Tris's Book
Page 36We're here. Power flooded in, making every hair on his body stand up. Clutching the thread circle, the girls were twined together like a spun cord, Sandry a gold-white strand, Daja red-orange, darker - weaker - than the other two for today, Tris a brilliant blue shot through with white. What do we do? they asked.
Rosethorn refused to let go of her magic and her ties to the plants. She clung to them, despite the pain from all the burning. Everything continued to grow frantically.
Like this, Briar told his friends. He slammed into his pattern, taking them along. They roared through its crossings and turnings, bringing it to life in the mind they now shared. Now they saw, as he did, how to build the magical fire until every green thing in the cove had to grow fast or explode. They fed the thorns and stickers with their anger and bitterness. Daja had her own memories of pirates, as did Sandry. Tris was furious at these parasites who burned and killed and made her new home unsafe. The four boiled through every root, branch, vein and needle, forcing them higher, longer, thicker, sharper - definitely much, much sharper.
They knocked Rosethorn out of the pattern without knowing it. Ablaze with anger and fear, they were deaf and blind to the hands that shook and tugged at them.
"Trisana, you aren't listening to me!" a cracked, sharp, familiar voice said in her mind. She smelled vinegar and mildew. "You beggar me with your extravagance! I'm just a poor widow, with barely enough to live on, and you eating me out of -"
Tris's hold on their joining faltered. "Cousin Uraelle?" she whispered. "You're dead."

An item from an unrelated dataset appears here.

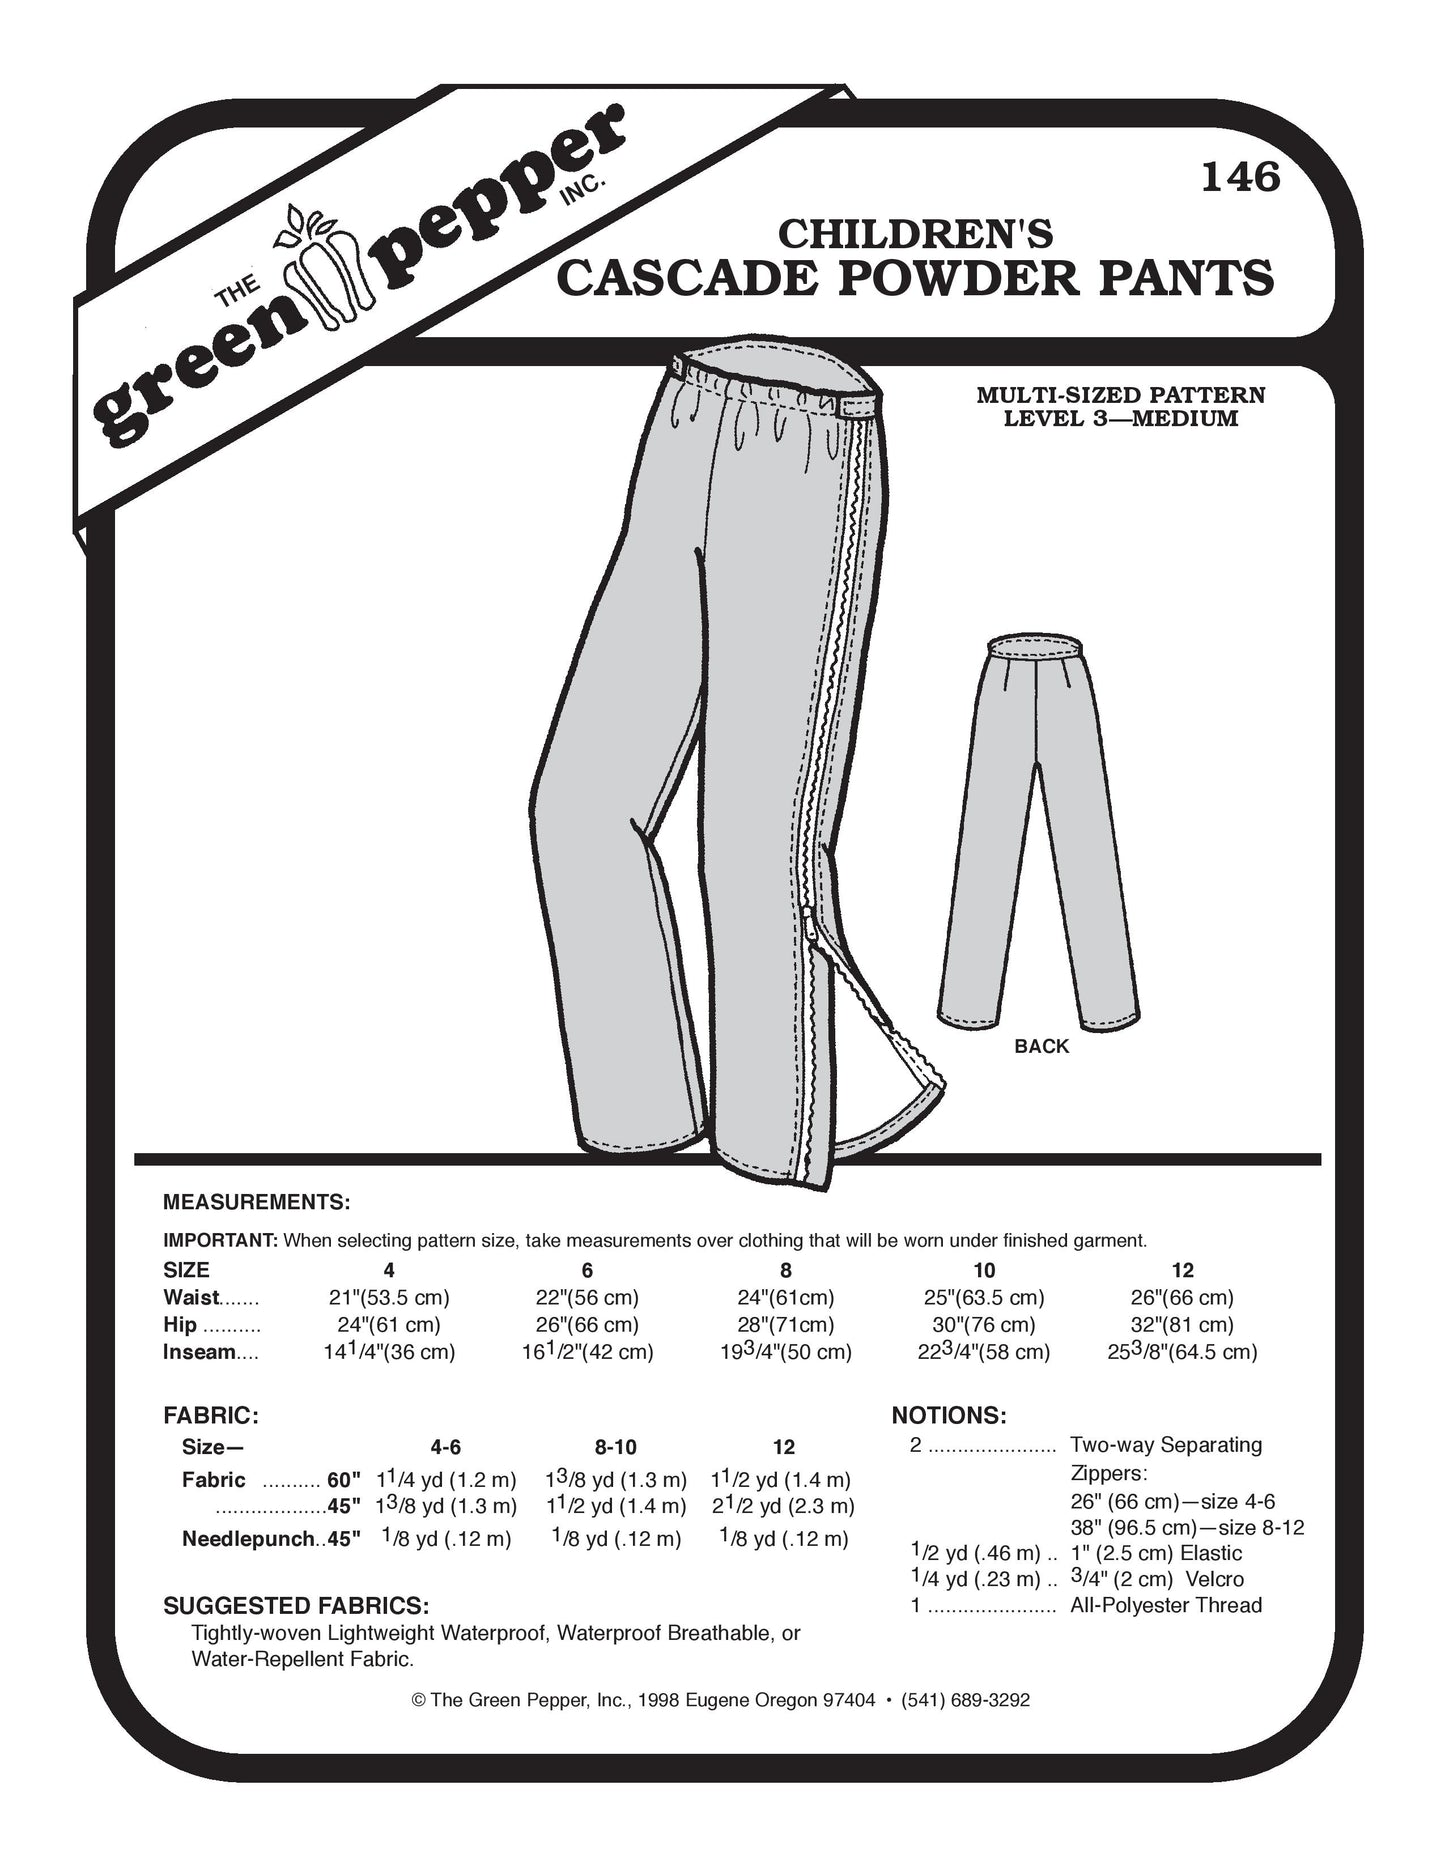 Patrón de pantalones de polvo en cascada (se vende por cada uno)

"No more beef at this table, not at these prices! And a copper penny for turnips? You didn't bargain enough! You -"
The others felt Tris shrink and fade as that voice railed on and on. She was losing confidence. She was losing her grip on the pattern.
A fiery spindle appeared in the children's mind, whirling counter-clockwise, unravelling things. Their bond with the plants was coming unspun. Briar's grip on the magic relaxed. Sandry, recognizing Lark's work, dropped away. In Discipline, Frostpine held Daja's fingers, wrapped tightly around the lumpy thread, and gently pried them open, one at a time. Oh, all right, she thought, and let go of the magic herself.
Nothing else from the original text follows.